Why is this picture iconic?

This for many decades – before the emergence of big city super clubs – was what French club rugby was all about. Small far-flung towns who invested all their emotional energy and spare cash in their beloved rugby club. Local heroes who proudly flew the civic flag.

The late night excitement is tangible; you can hear the guards’ frantic whistles and the shouts of victory and homecoming. Another 20,000 fans are gathered in the Boulevard de Verdun just outside the station and the party has been underway since the final whistle.

The teams almost always travelled by train both locally and to more remote teams up in Paris along the west coast to places like Biarritz, Bayonne and Bordeaux or in the centre of France such as Brive, Grenoble and Montferran­d that was – now Clermont. French rugby revolved around France’s brilliant SNCF system which criss-crossed the nation and made day trips possible. And it still serves that purpose if you want. I covered the 2007 World Cup almost entirely by train.

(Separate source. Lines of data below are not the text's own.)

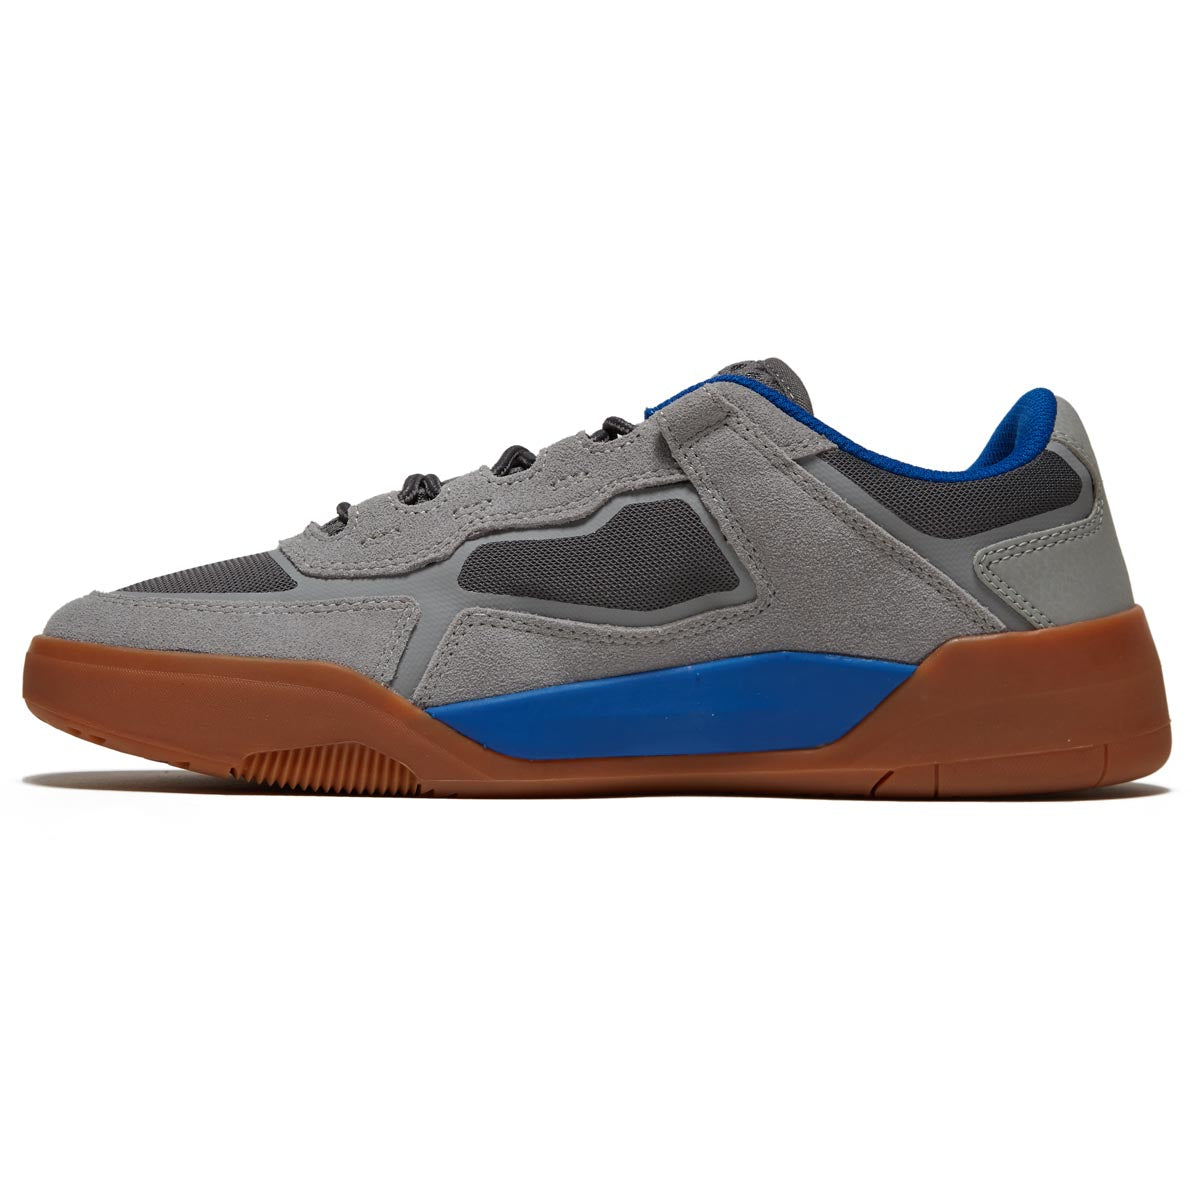 DC Metric S Shoes - Grey/Gum image 2
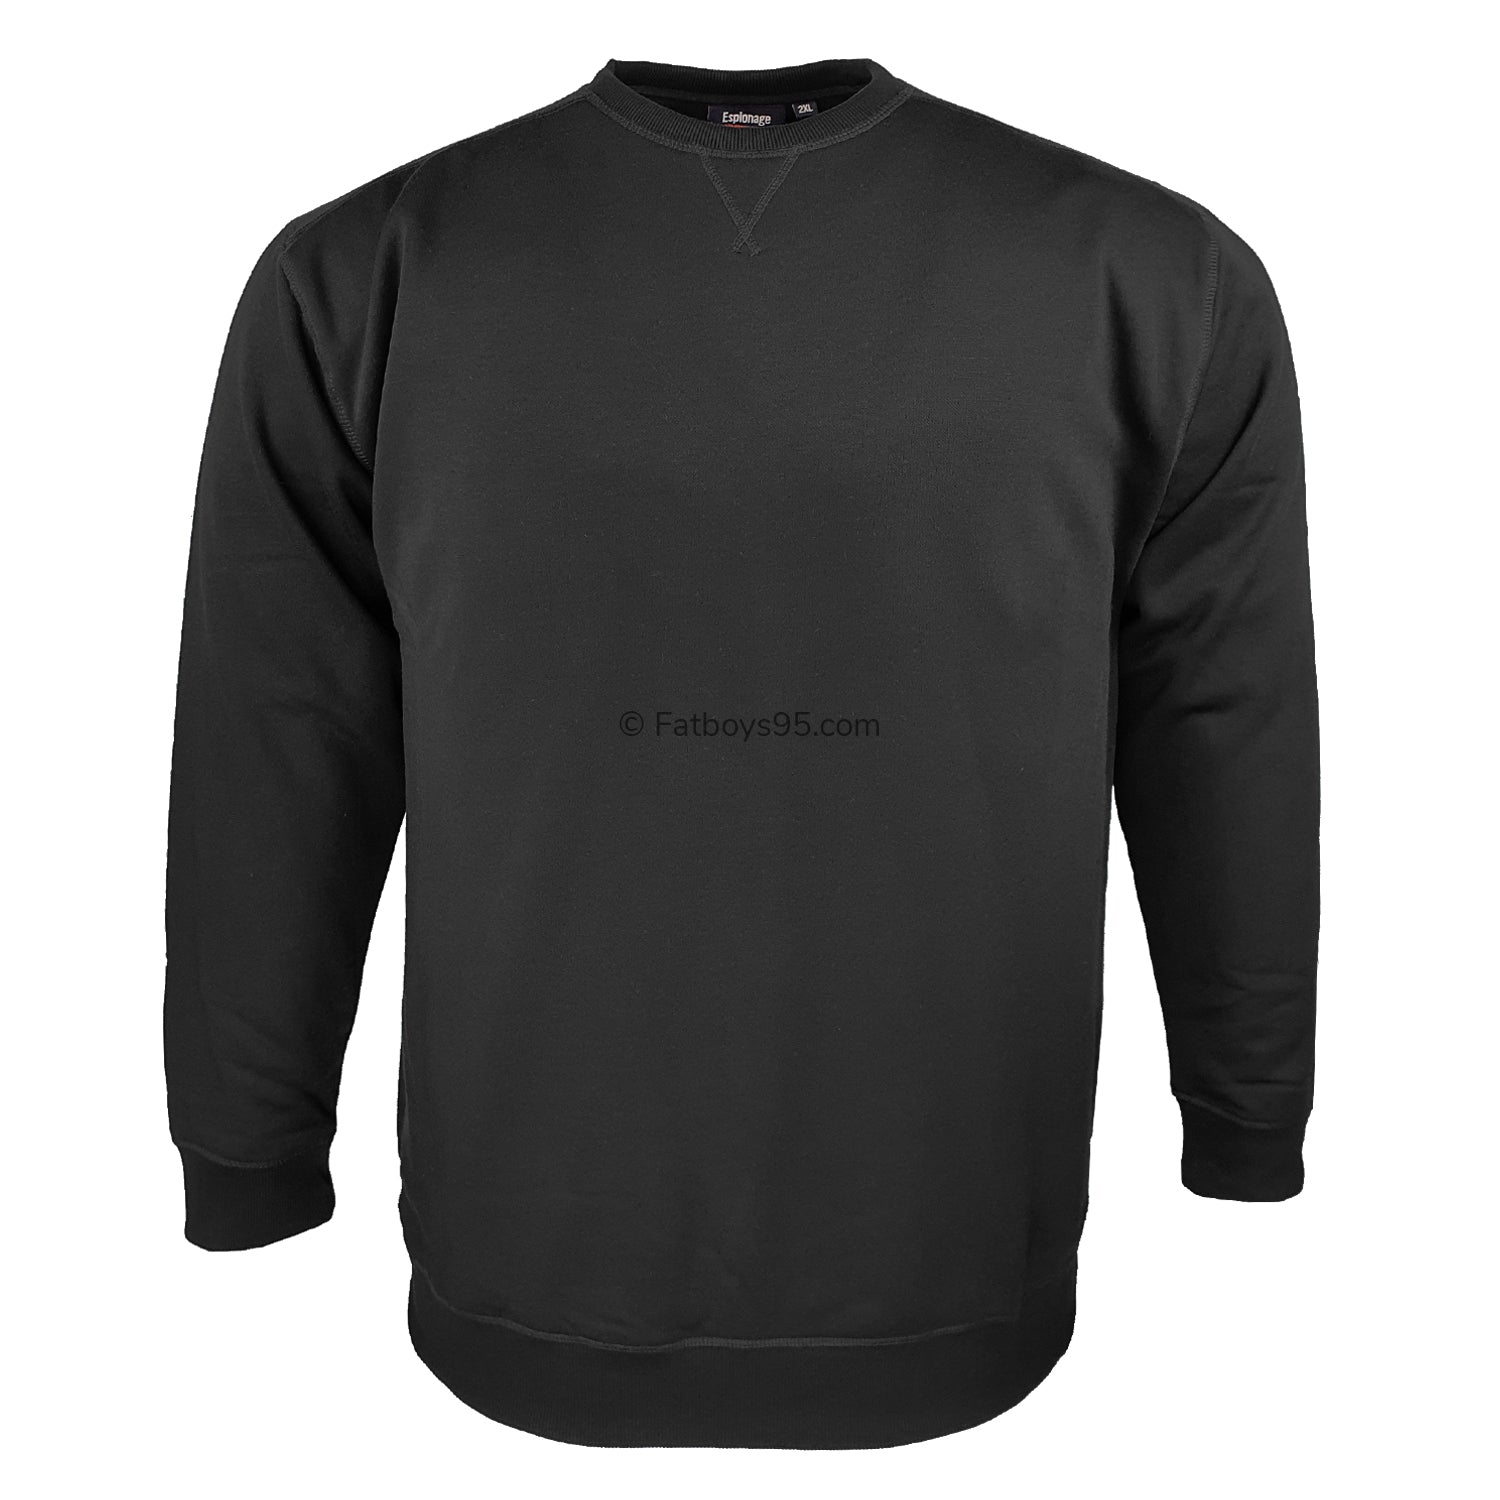 Espionage Plain Sweatshirt - LW016 - Black 1
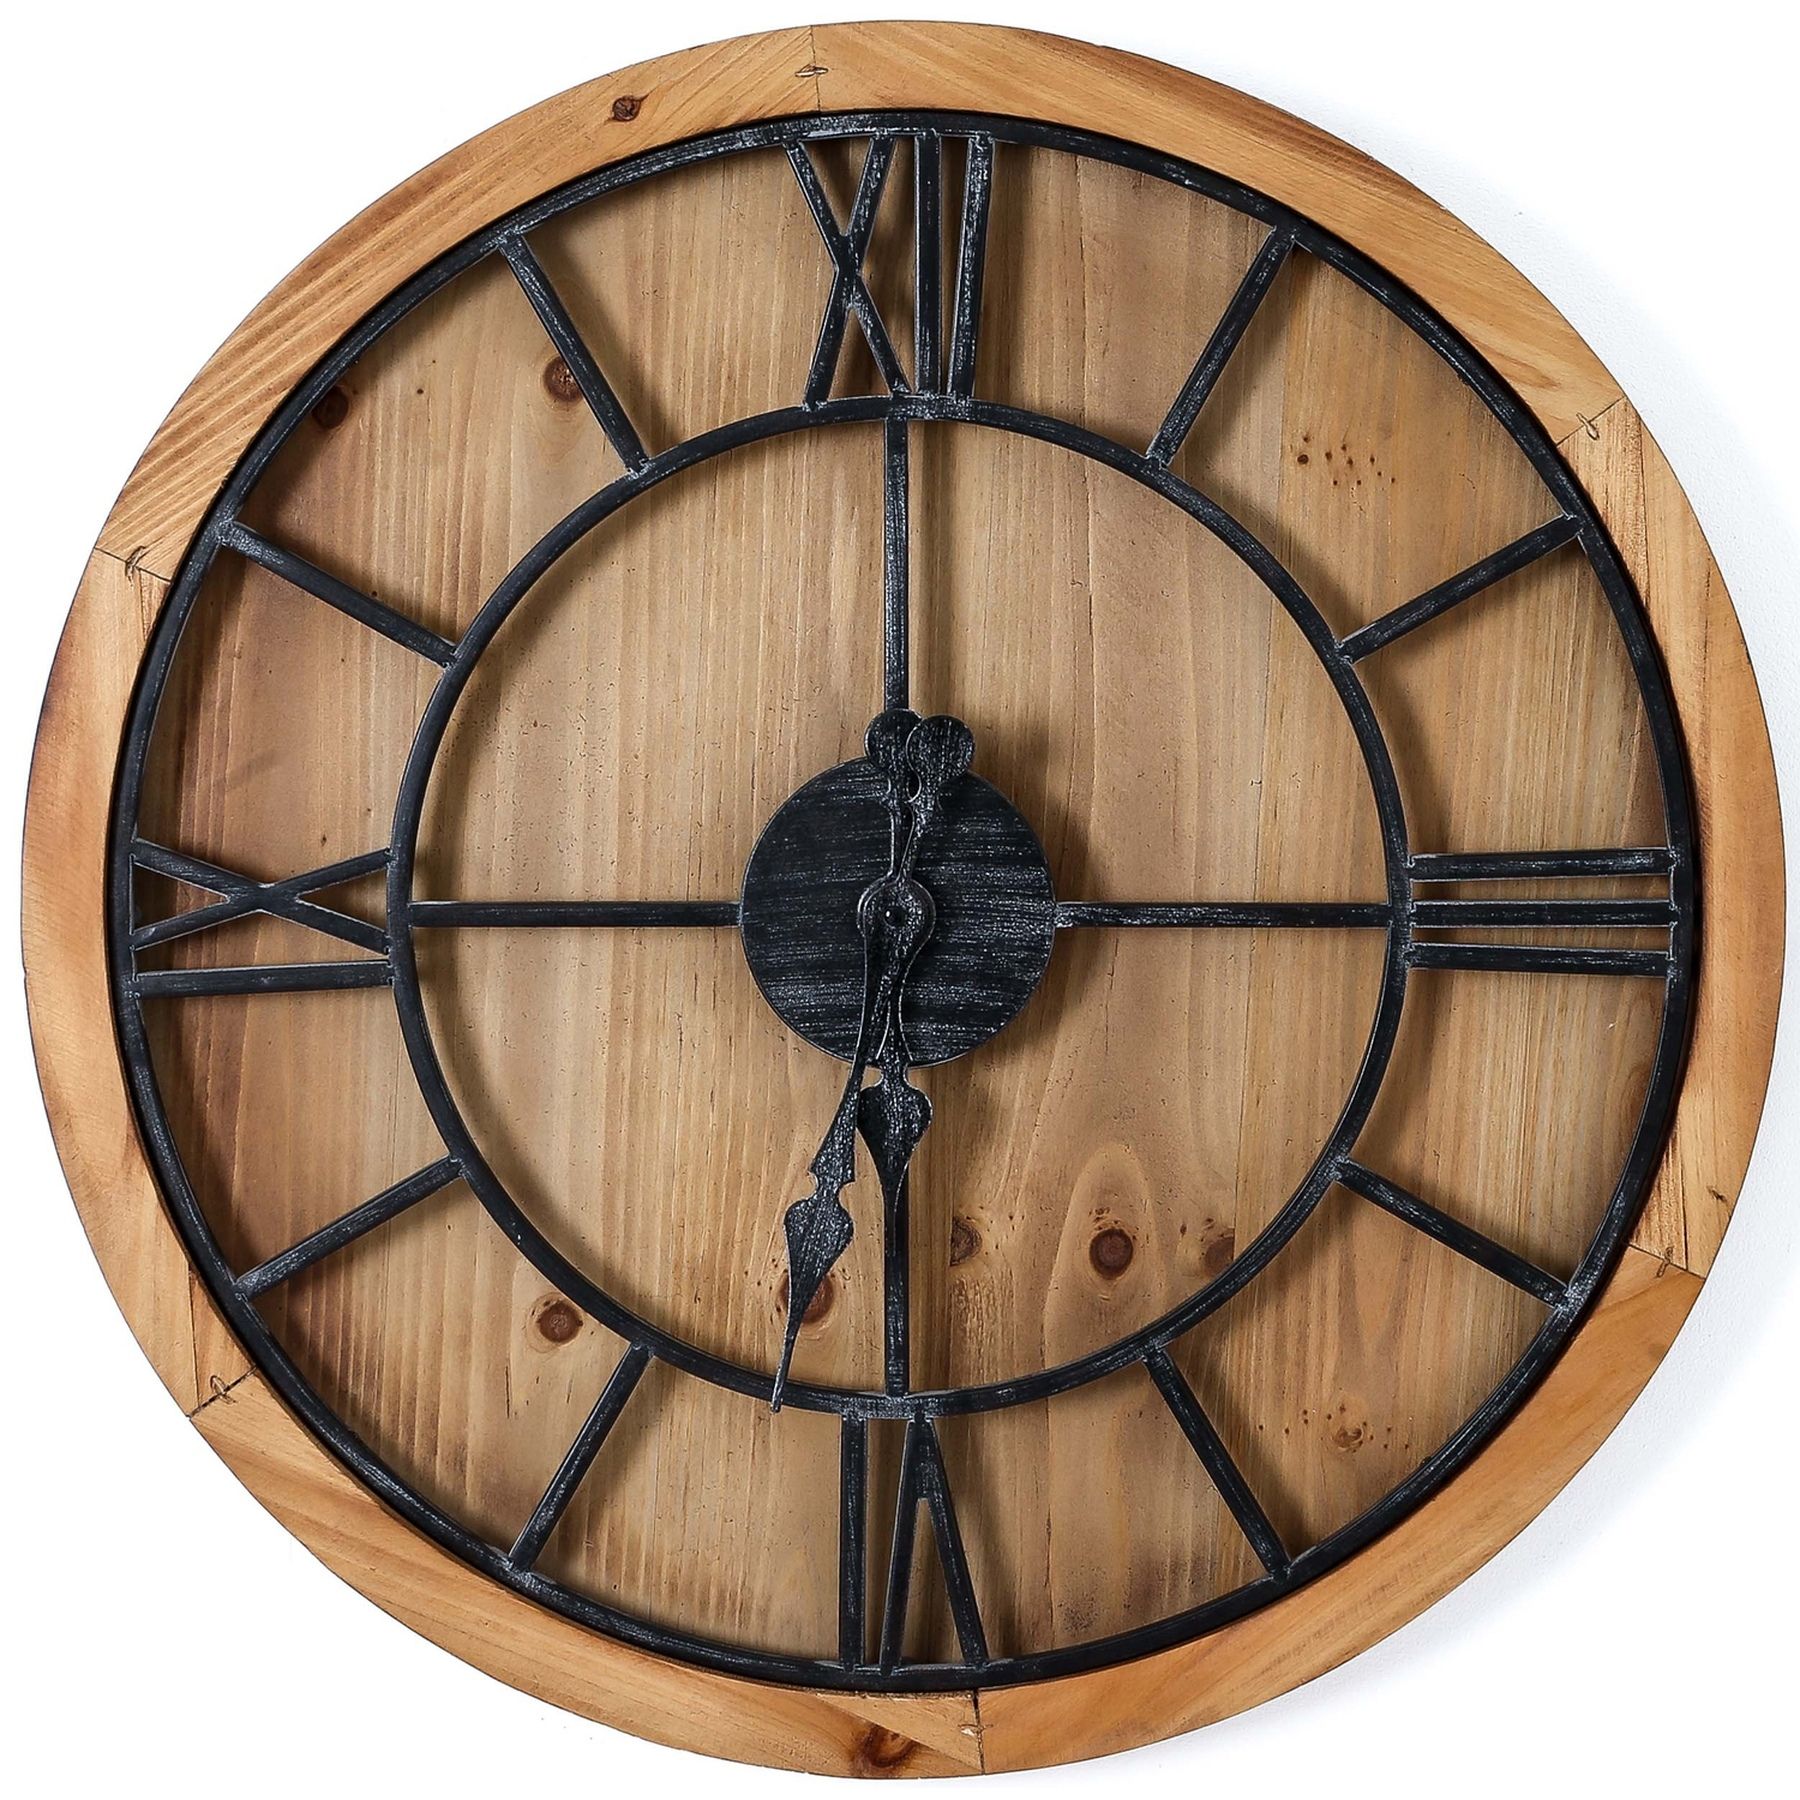 Williston Large Wooden Wall Clock - Image 1

France is a big nation, twice the size of Britain and with mountain ranges making the infrastruc­ture difficult but it was SNCF that made the French Championsh­ip possible.

And on big match weekends the stations came alive with the travelling throng. The station bars and cafes became impromptu clubhouses, places of celebratio­n and commiserat­ion.

Footnote. Nothing is forever. Since their last win in 1984, Beziers have not appeared in a final.